The wort part of JS frameworks is that we now have Senior {pick your FW here} devs, who are junior JS dev at the same time :/ (Almost) No one cares how JS or browser works, just deep into their FW.
People who are interested in learning Svelte don't; it's filled with issues, missing features, etc. Svelte maintainers are out of touch and the new reactivity system is garbage; You don't even know what is reactive and what is not without looking at the declaration; No type safety.
Worked with svelte for 4 years in typescript - the LSP is extremely slow and the IDE performance is terrible. Would not reccomend for entreprise level software.
True. Their vsCode extension is terribly slow and buggy. Sometimes you loose type safety and need to restart vsCode. There are issues with their Prettier plugin too; Sometimes it takes a bunch of seconds to simply format a file.

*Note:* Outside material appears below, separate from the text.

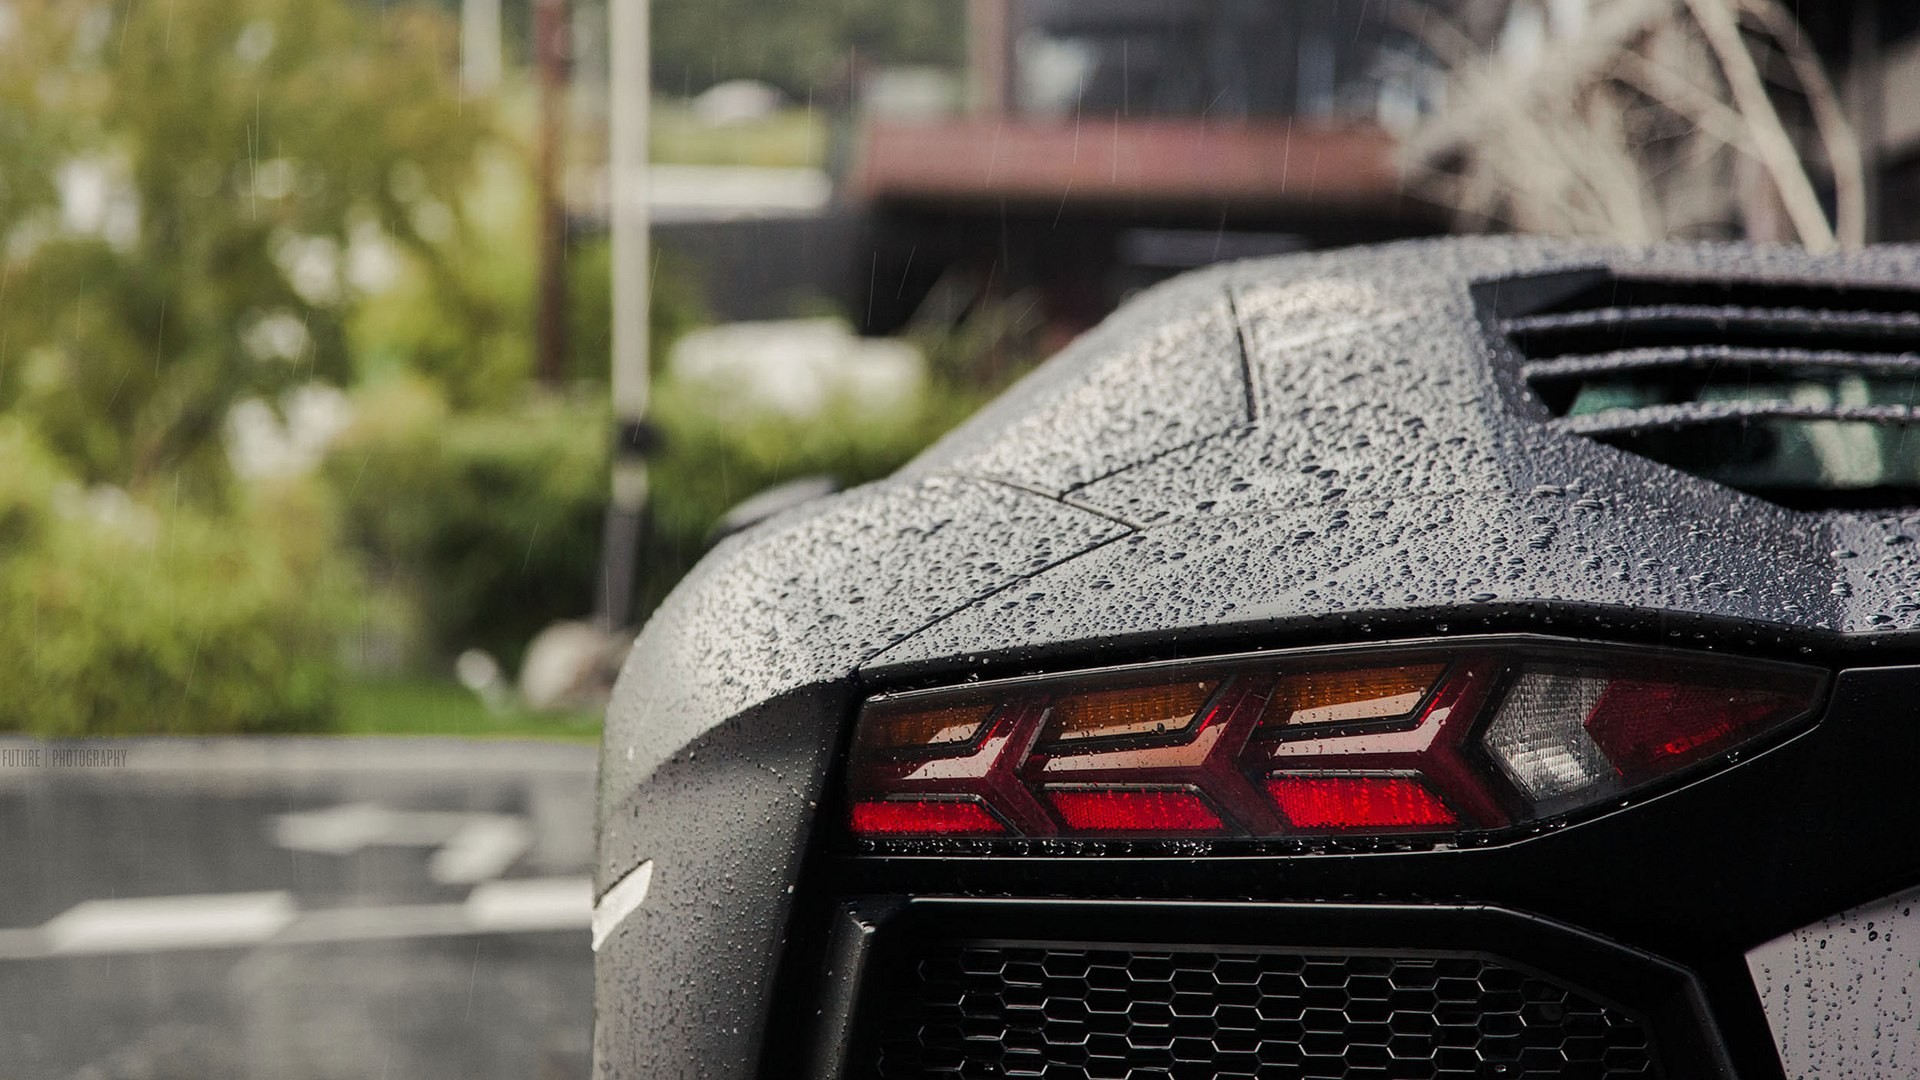 Lamborghini Aventador LP 750 4, Rain, Black cars, Water drops, Lamborghini, Vehicle, Lamborghini Aventador Wallpaper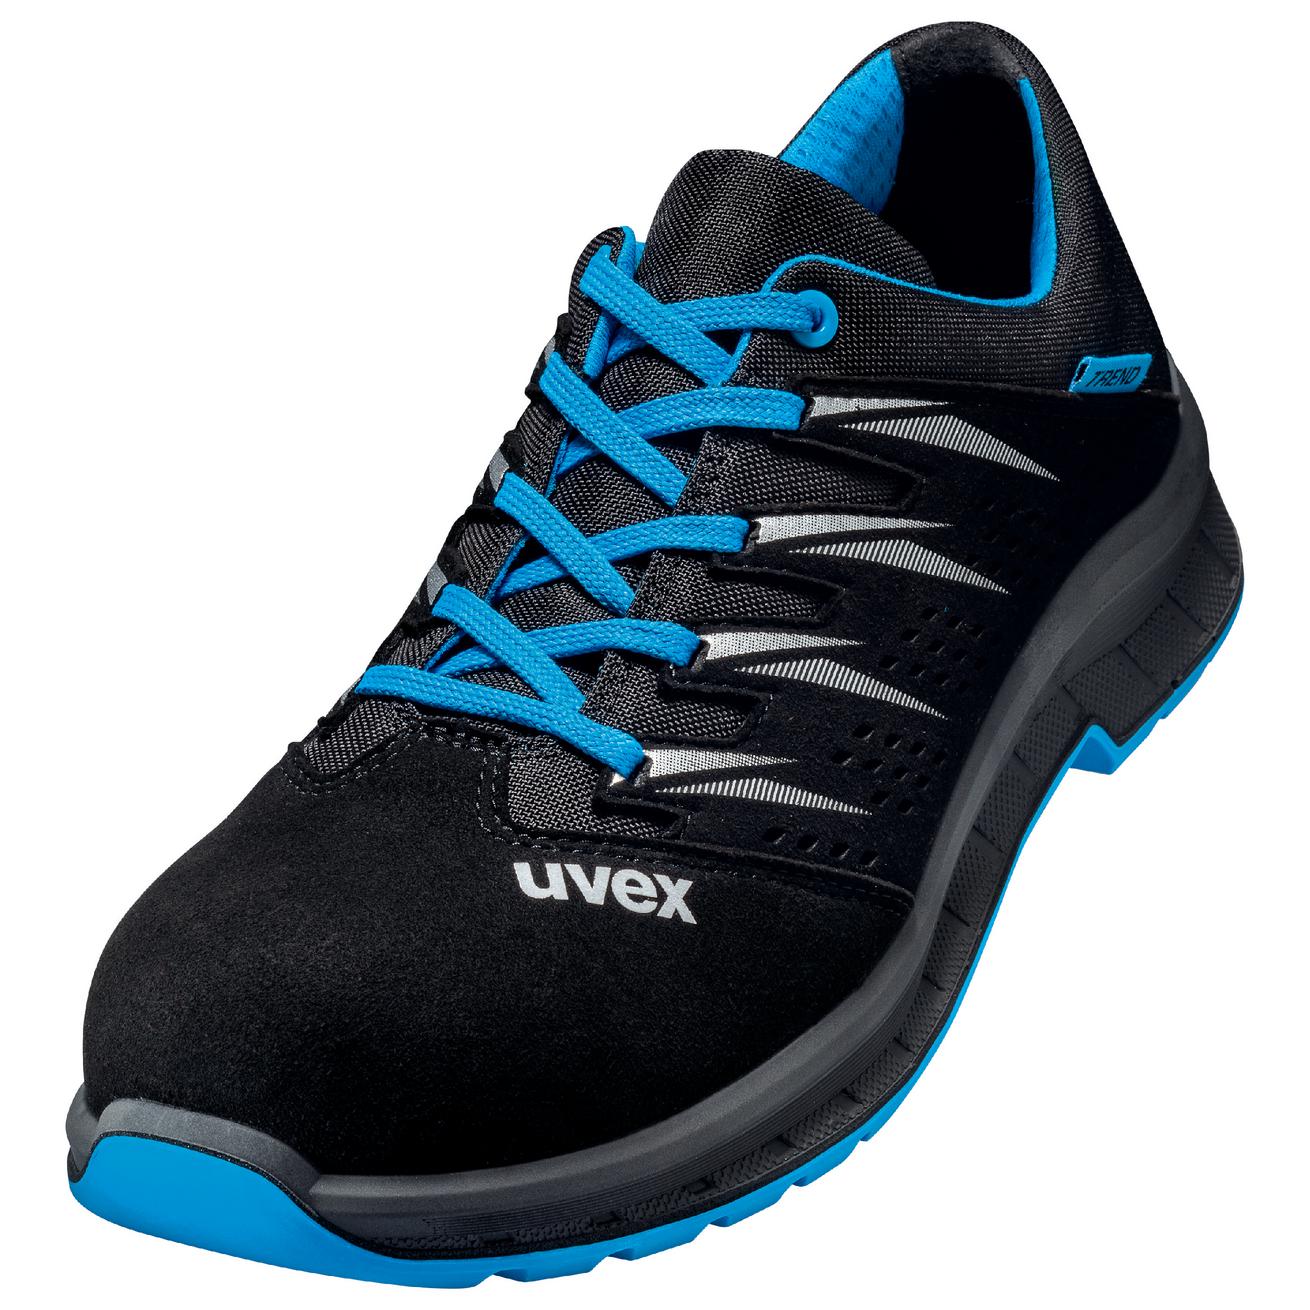 Perf. polobotka obuv uvex 2 trend, šíře 11, S1 SRC, černá/modrá 6937 Velikost: 43, Kód produktu: 6937843

@@Meleeman011 Nah man, the language server is written in typescript and it's horribly slow and buggy. It generates types in the background to resolve the types between your +server pages and your +page if you have a long tree of layouts that generate types, it becomes very apparent that it is a problem. * Written by a hooman.
Svelte template syntax is awful. React is just JavaScript. Svelte is a made-up syntax that isn't even properly tape-safe in your code editor; In Svelte, Snippets are different than components meaning you need to learn a new thing that everything about it is different. Whereas in React, you don't have a new concept to grasp. The if/else etc blocks in Svelte are super ugly and hard to write whereas Angular does this better with a more JS-like and clean syntax. If you are using an icon library in Svelte, your site will get extremely slow and to solve it you would need to import the icons individually rather than using an index file to easily import them.
When it comes to JavaScript frameworks, the only reason React, React Native is highly used is due to is ability to interact with iOS and Android devices. But it’s nothing more than an abstraction layer that communicates with said devices, so it can be slower than Frameworks like Flutter. Nevertheless, PHP is the sleeping giant recapturing the market.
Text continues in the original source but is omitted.